Low skill, low pay jobs are almost always thankless.

Rather than closing completely, some places here have cut back their hours greatly. Instead of 11a-9p, they open only 11a-1p, and 5p-7p.

Some jobs require actually being at work. Those are the hardest hit everywhere. For my industry, covid forced employers to change, I'd been working 100% from home since 2008 and 50% from 2000-2008. There are times when being in a specific place at a specific time is still required, but that isn't the rule, it is the exception, in my industry.

3 ( +3 / -0 )

The Eastern European subjected of the most applying employment practices, judged/highlighted in the Taylor review, fully endorsed by The Scottish Affairs Committee as bordering on modern slavery.

Oversea employment gang master/agency/ non direct/fake self-employment.

Piece work, pattern hours/zero hours contracts. No written statement of terms and conditions. No transparent ethical employment supply chain management. just-in-time employment arrangement roles in hospitality, retail and warehousing….

Not to mention on the spot employment termination

An example…….

UK chicken farming puts workers and food safety at risk

https://www.theguardian.com/sustainable-business/2015/dec/22/uk-chicken-farming-puts-workers-and-food-safety-at-risk

You wonder GBR48 when the supply of Eastern European worker dries up, due to Covid/Brexit that UK worker having none of this nonsense.     
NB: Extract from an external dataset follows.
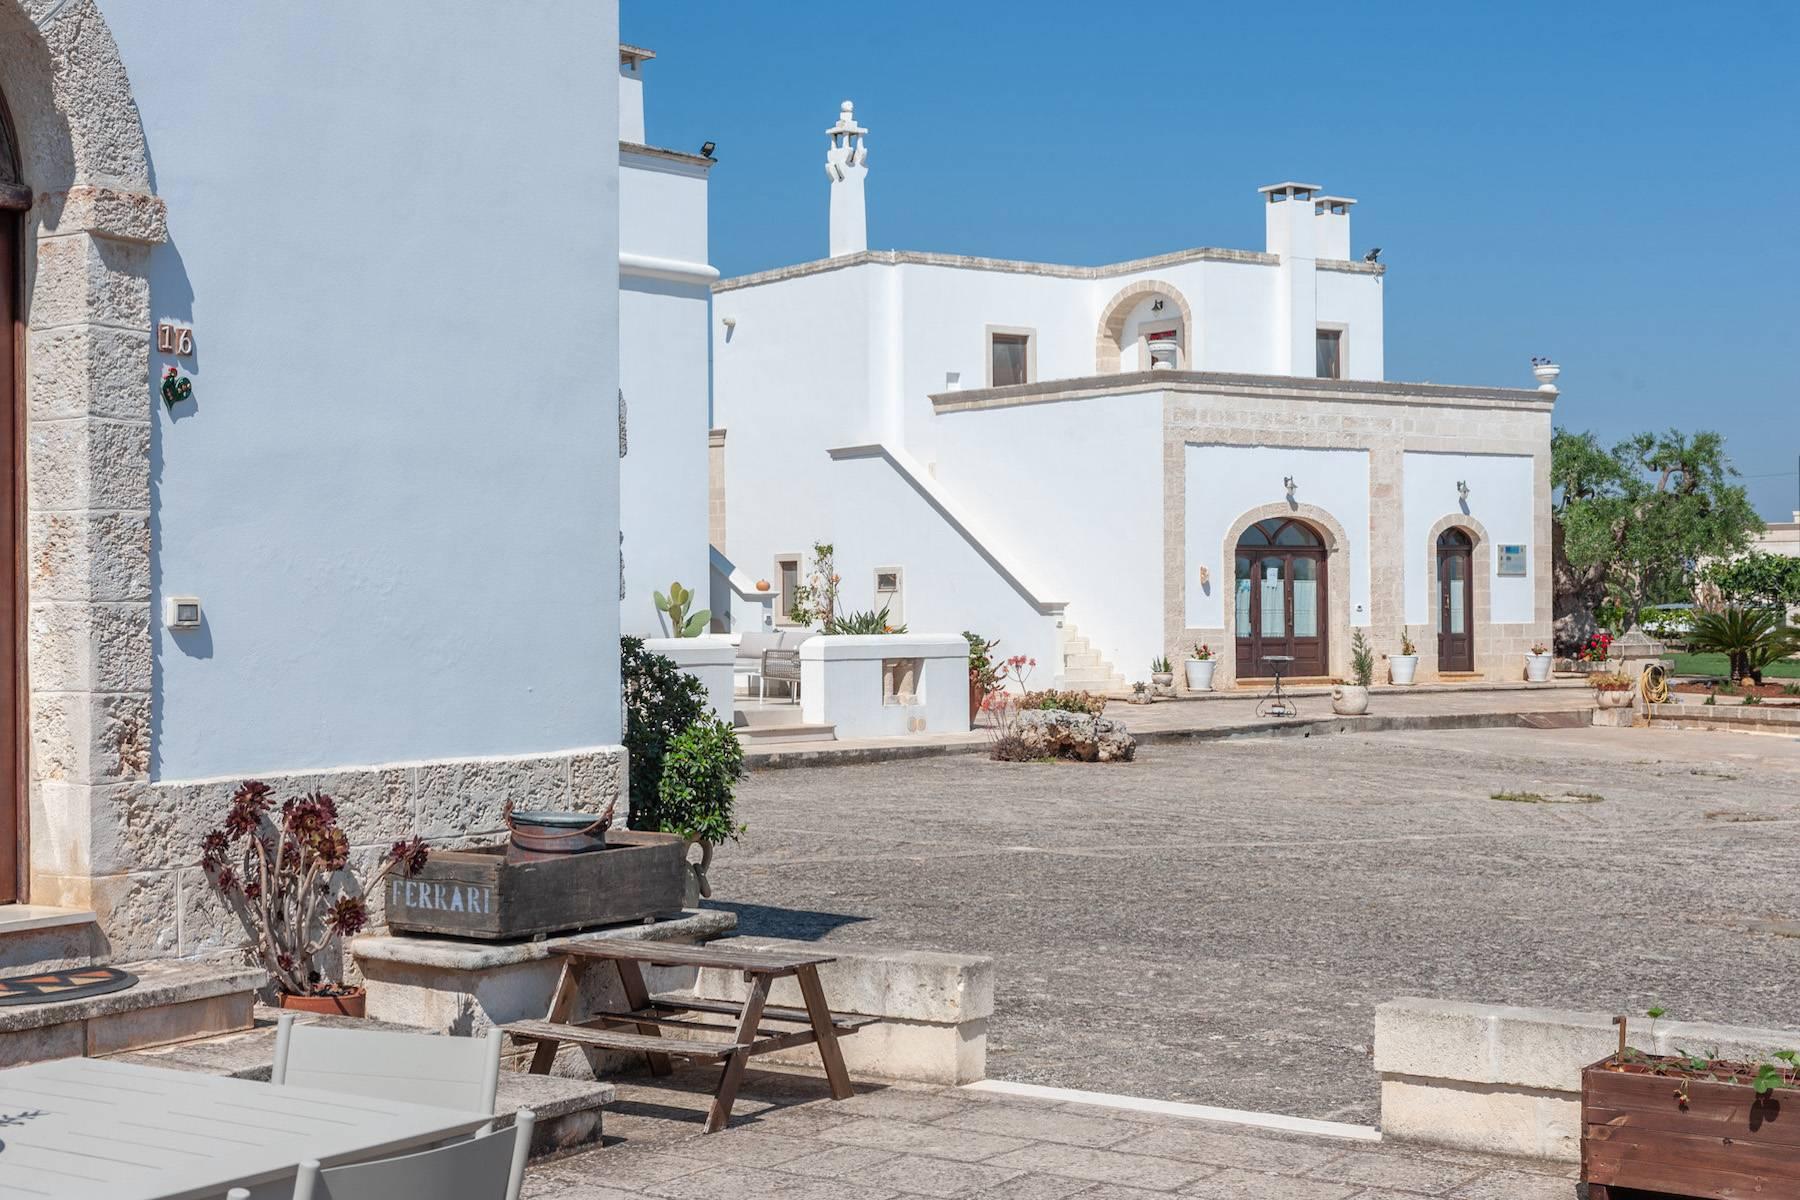 Charming 18th century Masseria surrounded by centuries-old olive trees - 3

Pay a living wage, with full terms and condition or go bust.

I have zero tolerance, along with zero sympathy for these charlatan employers.

5 ( +5 / -0 )

and great Albion is coming to its end...no more colonies to exploit,no new big wars around corner,no another countries in sight to be exploited and yes not enough of cheap slaves from east europe in sight...

0 ( +3 / -3 )

Times have changed a bit, independent from Covid too. But the ways or methods to bring employers and employees together haven’t changed or adapted. Where is that unidirectional rule written, that only I have to walk by restaurants with vacancies, that only I have to write , pay and send hundreds of applications, that only I have to think about a design and attractive appearance of a LinkedIn entry to be found and selected? No, the companies can as well make themselves known, send me their profile and applications into my letter box or email account. The employers of course have still the longer arm and more economic power, but not this completely one-sided way. They have to change a bit and adapt to modern and digital times too.

1 ( +1 / -0 )

In order to woo workers, companies are having to offer better pay and conditions.

Who could have imagined it!

A tiny, narrow silver lining of the pandemic is that a lot of people that had to switch careers found out their new lives were better (because of pay or free time or a less stressful occupation for example), these people ended up noticing that they deserved better.
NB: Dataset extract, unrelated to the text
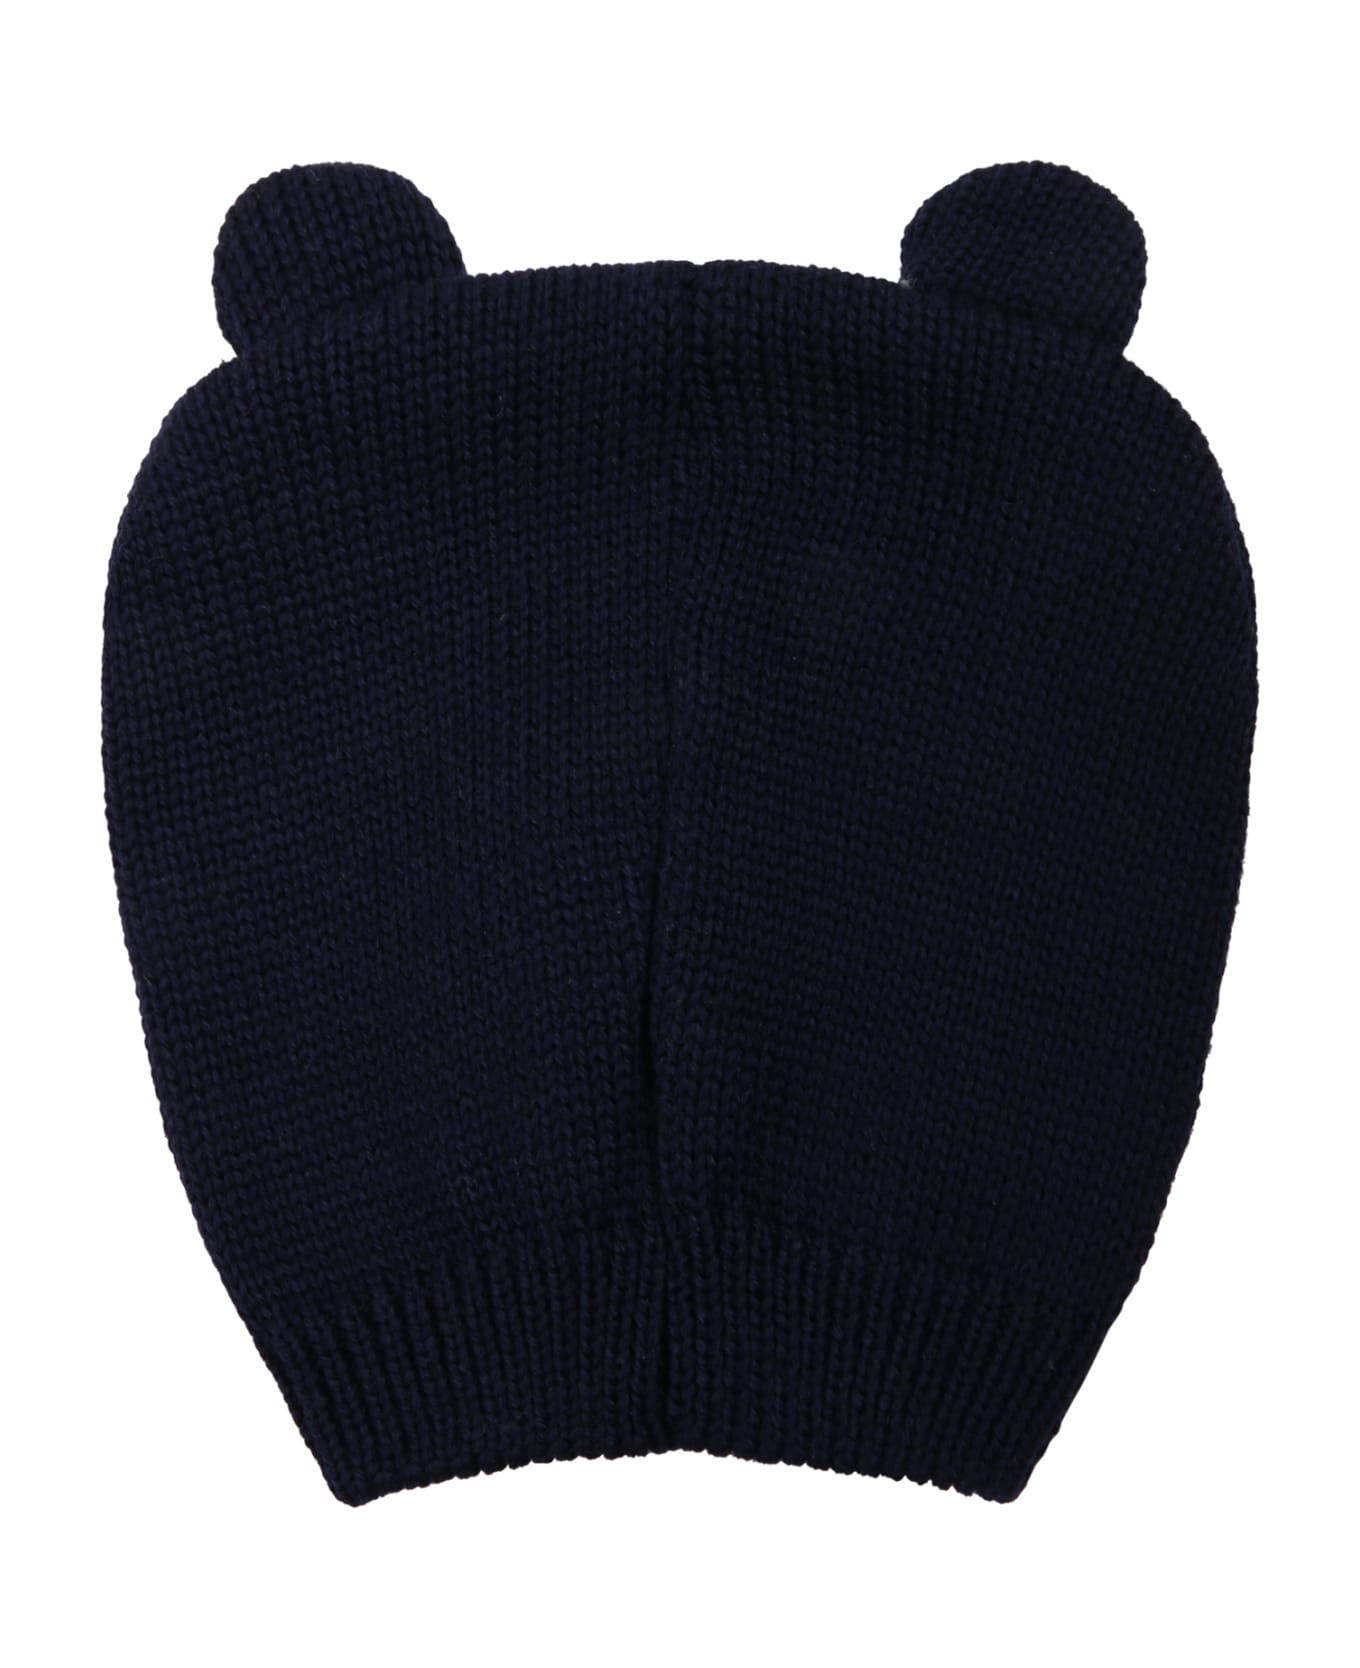 Little Bear Blue hats Hat For Baby Boy With Bear - Blue

The problem is not that people are not going back to bad jobs, the problem was the situation where they were forced to do them in the first place.

The consequences of Brexit were also quite obvious from the beginning, people still voted to do it.

4 ( +5 / -1 )

@MarcPenn. You are wrong. Those who are unemployed receive Job Seekers Allowance, not universal credit. UC is for those on low incomes to help meet their living costs. Many employed people are on UC, as are those on disability benefits etc. Due to the cost of living crisis and low wages in some sectors, the number receiving UC has gone up. The unemployment rate has gone down, as are the numbers of those receiving JSA.

2 ( +3 / -1 )

Start cutting benefits... those job vacancies will soon be taken.

-2 ( +2 / -4 )

@mr kipling. There are more jobs available than those qualified or willing to take them. Why slog for minimum wage at unsocial hours when you can get better pay and conditions elsewhere.

-1 ( +0 / -1 )

Eastmen writing the real drive of UK, even listening to Genesis album Calling all stations, they play songs like Congo perfectly reflecting british all masters of colonization rights. They are eating that now.

0 ( +1 / -1 )

@Luddite;

No, you are at the very least out of date. JSA is almost phased out and UC is paid to both those in work and out. The total number of recipients in May’22 was 5.1 million, of who 3.5million were not working.

You can download all the data on UC for yourself from Dept Work & Pensions DWP Stat Xplore.